Information provided Block Start

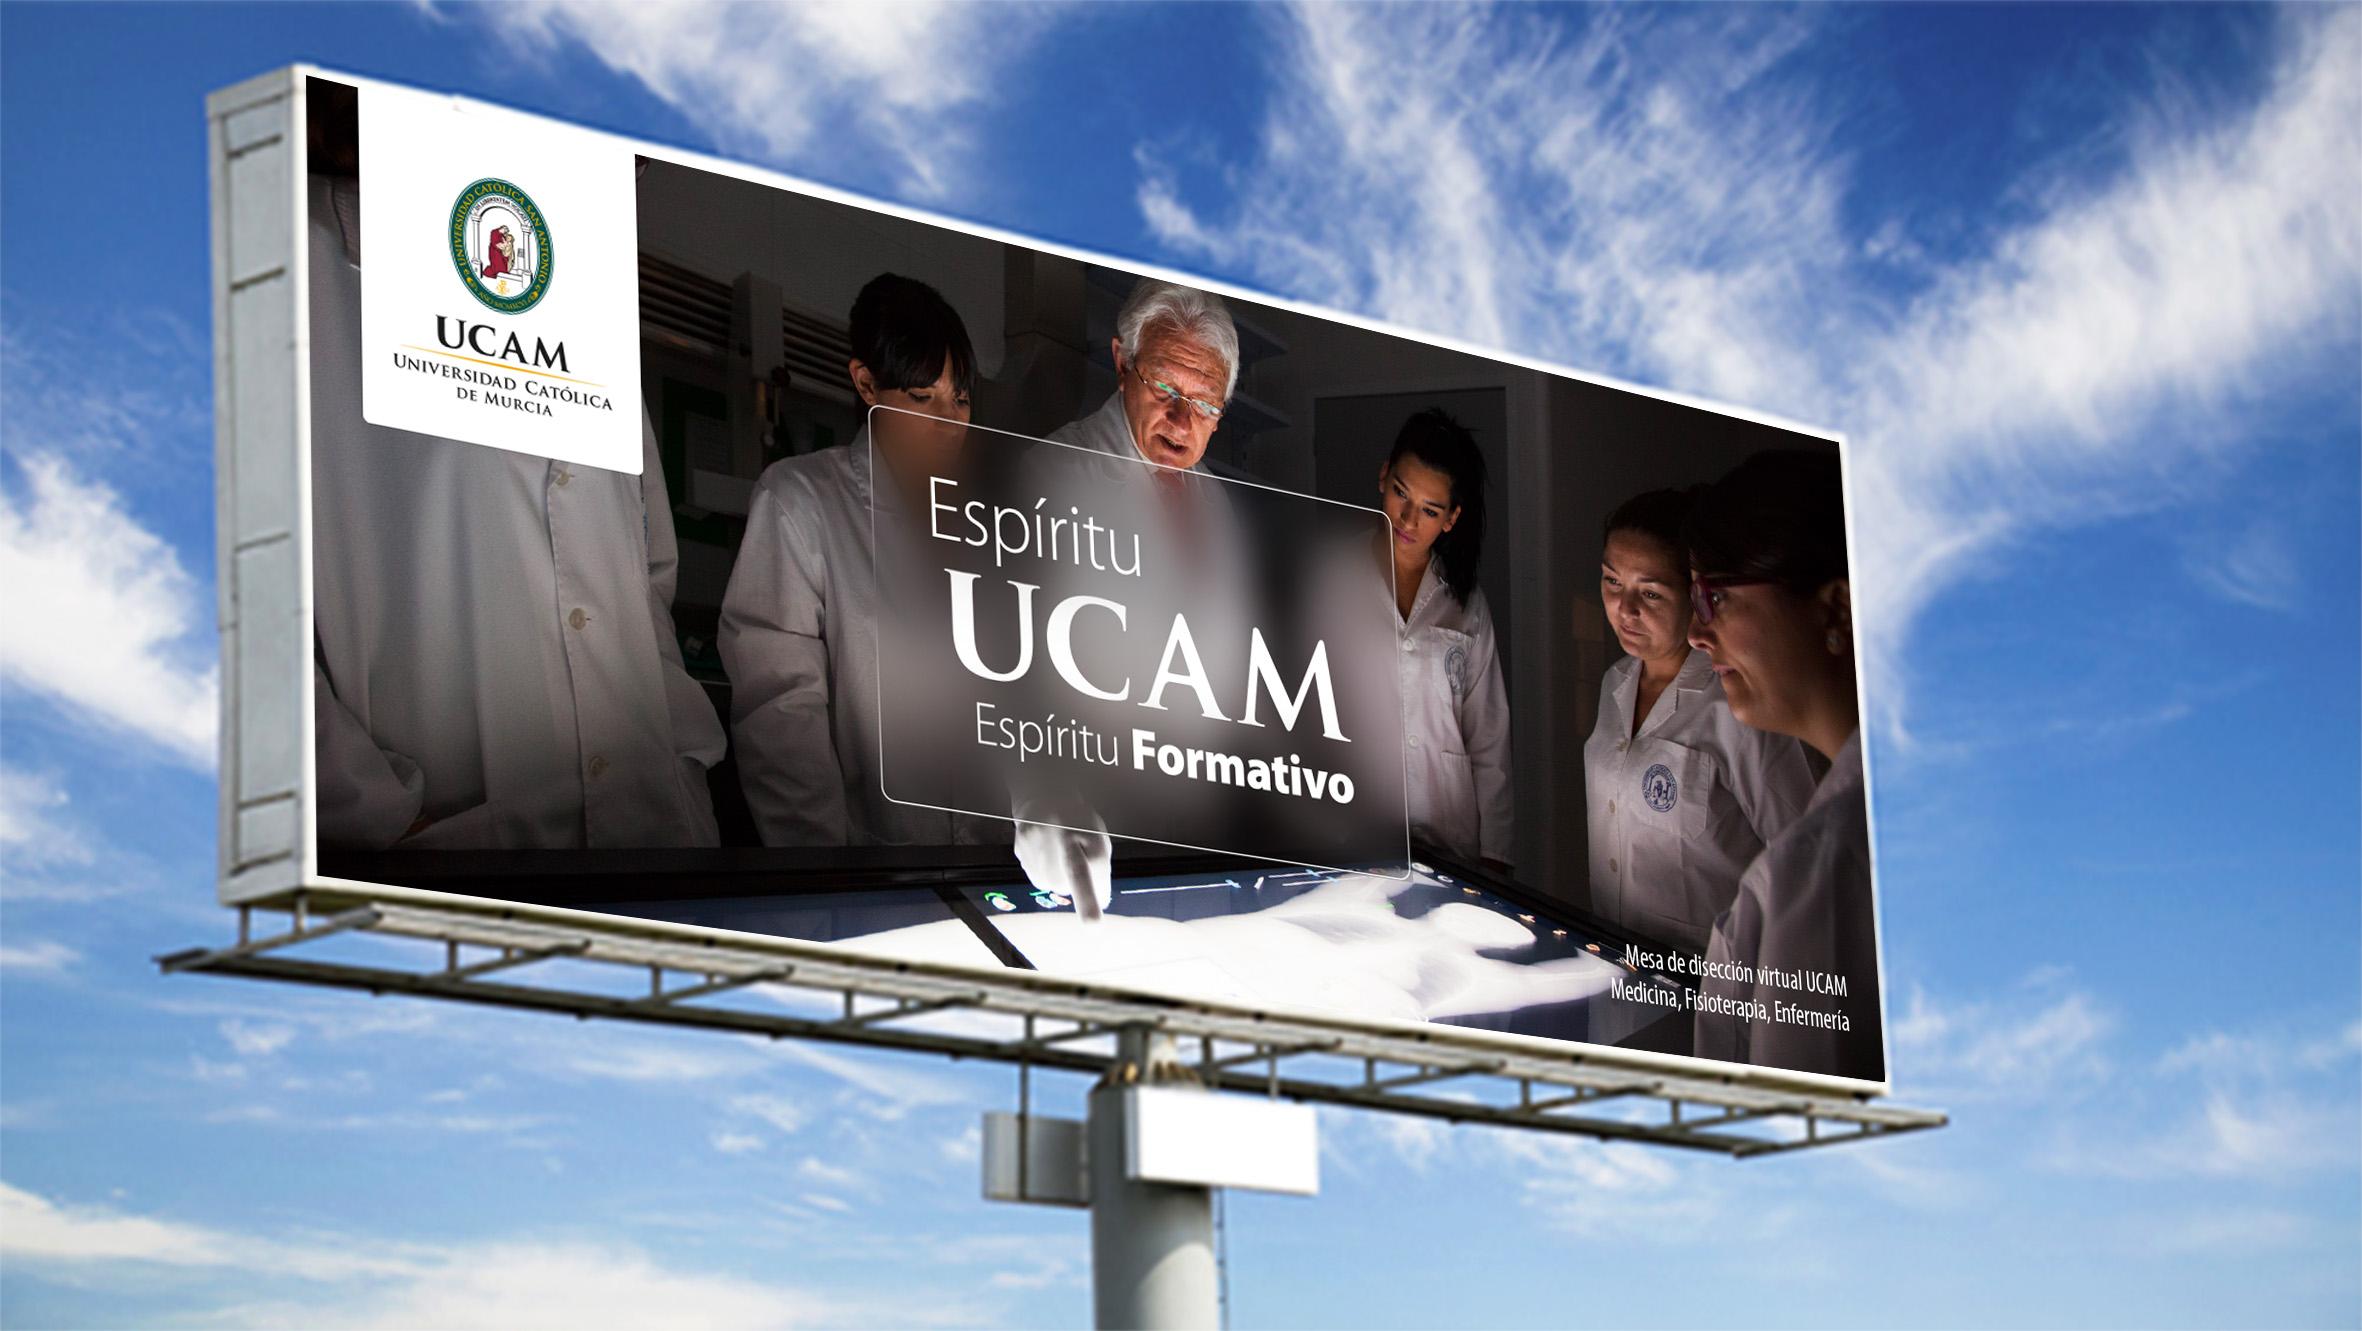 billboard formativo superimposed2.jpg
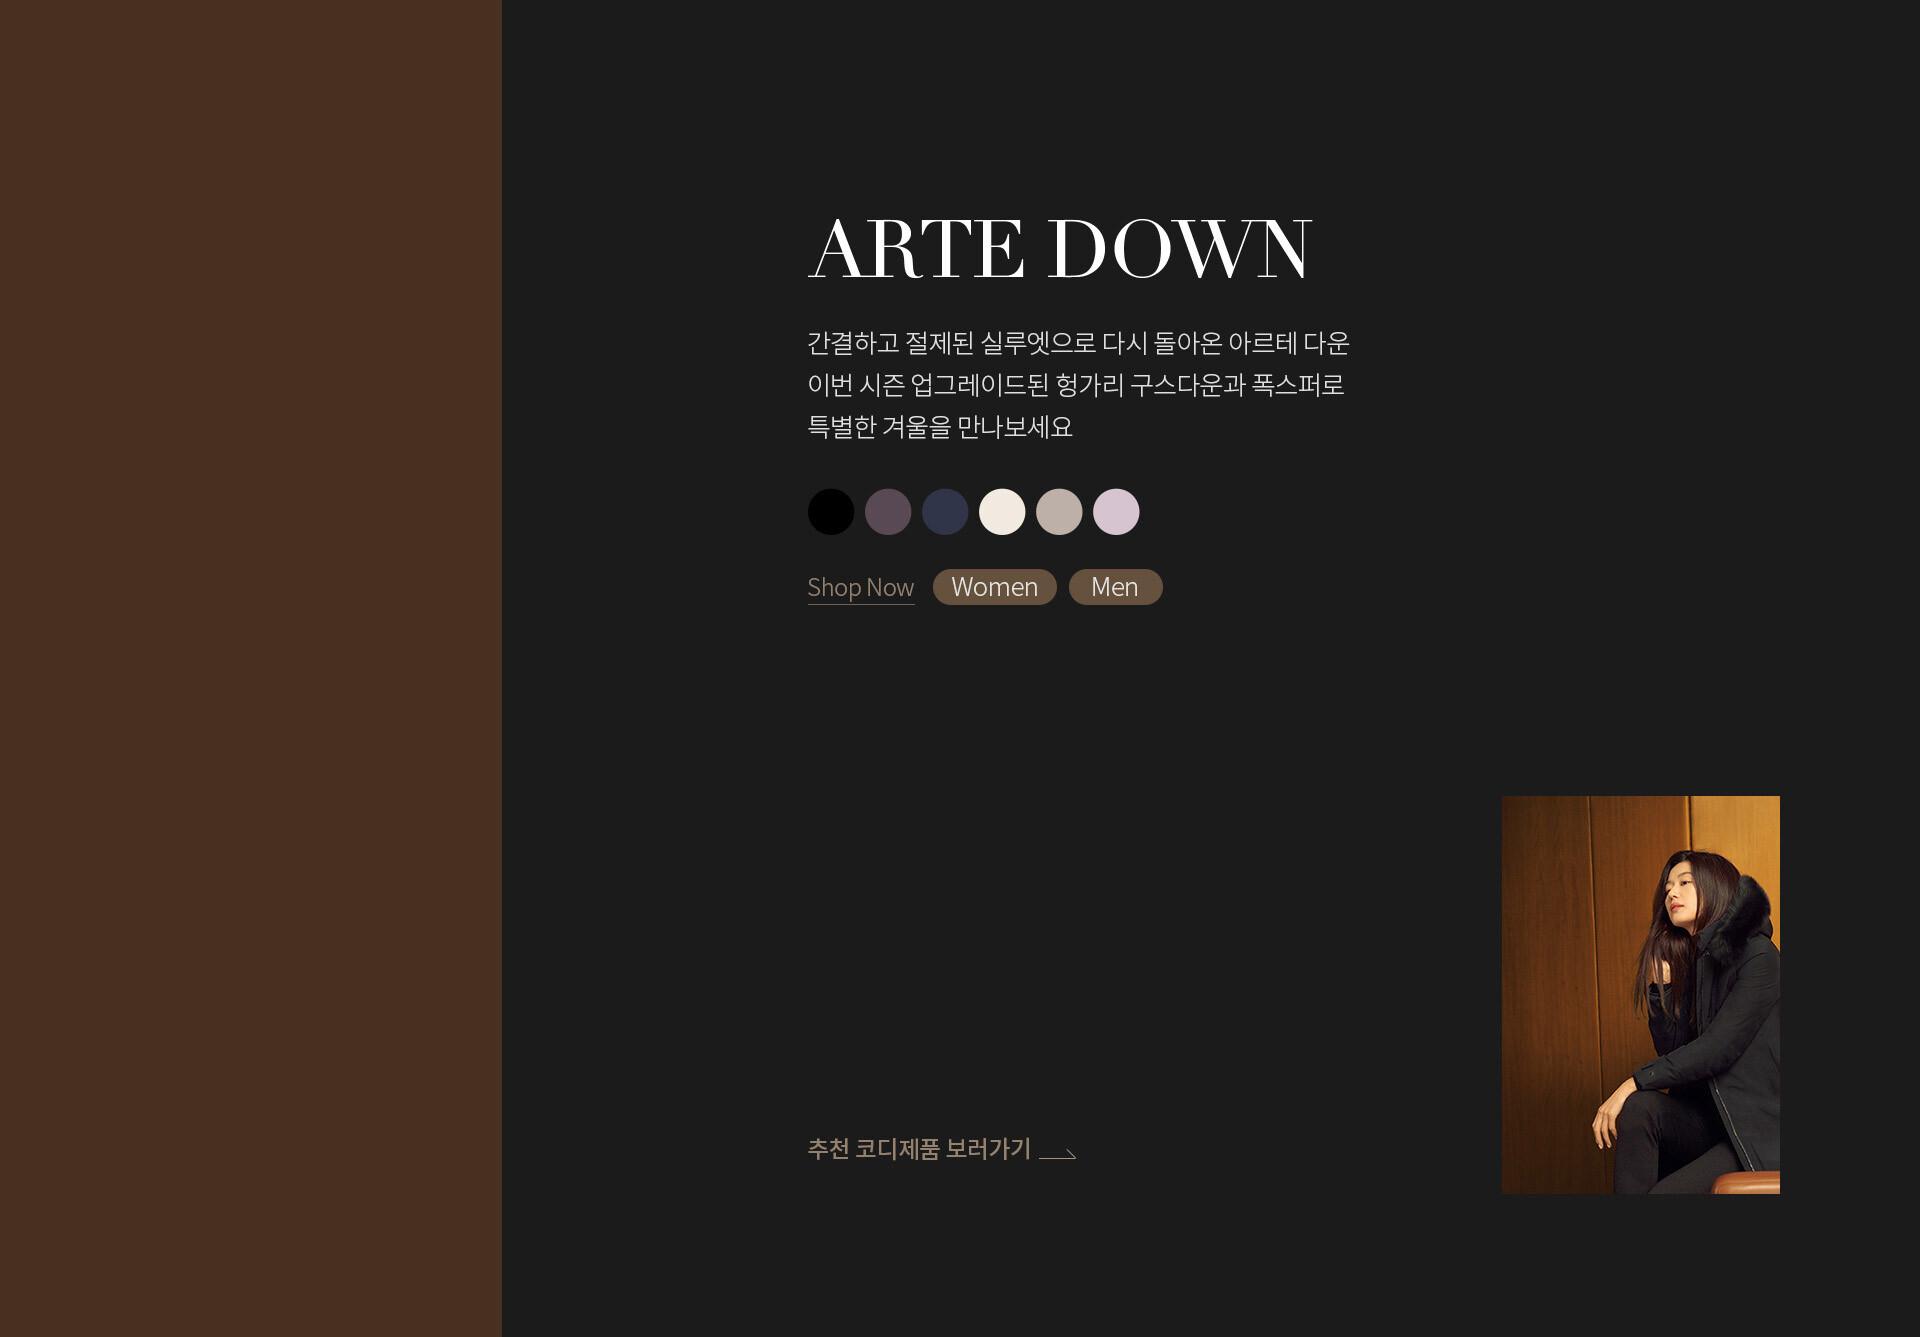 ARTE DOWN : 간결하고 절제된 실루엣으로 다시 돌아온 아르테 다운. 이번 시즌 업그레이드된 헝가리 구스다운과 폭스퍼로 특별한 겨울을 만나보세요
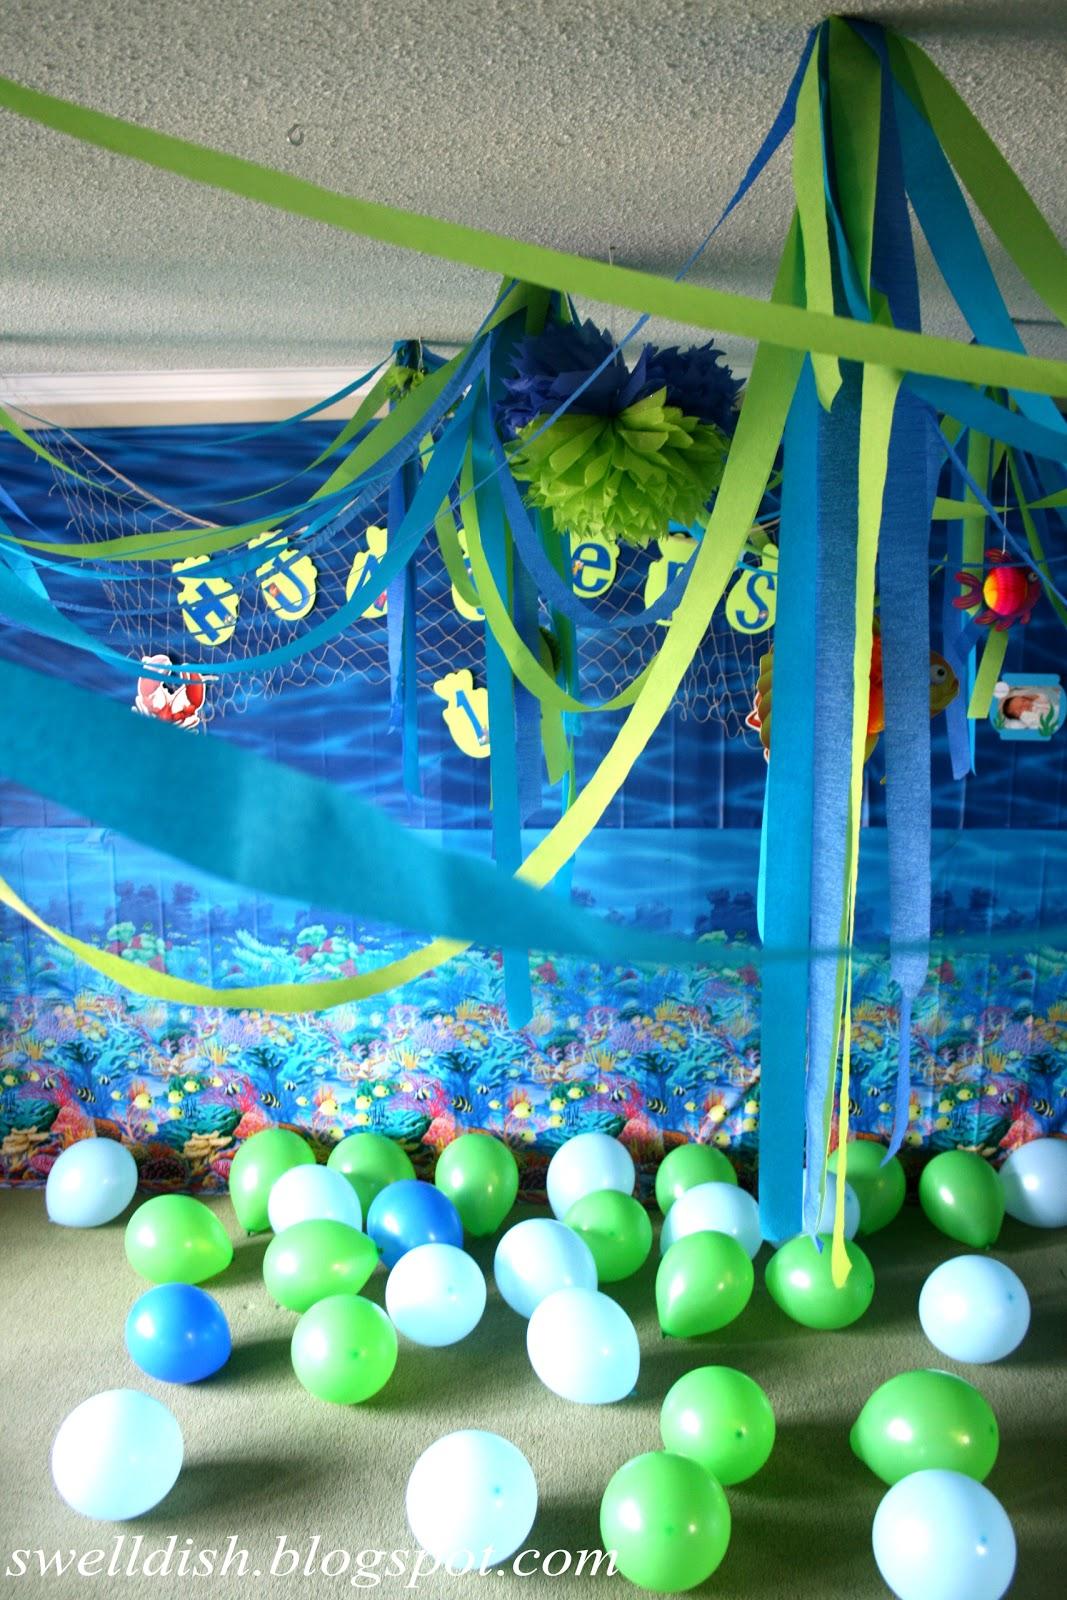 The swell dish ocean nautical under the sea party room decor for Ocean decor ideas

Information provided Block End

Retype, word for word, the line containing "ARTE DOWN : 간결하고" and each line after it through the end of the data, leaving any picture out.

> **Exercise solution**:
 ARTE DOWN : 간결하고 절제된 실루엣으로 다시 돌아온 아르테 다운. 이번 시즌 업그레이드된 헝가리 구스다운과 폭스퍼로 특별한 겨울을 만나보세요
 The swell dish ocean nautical under the sea party room decor for Ocean decor ideas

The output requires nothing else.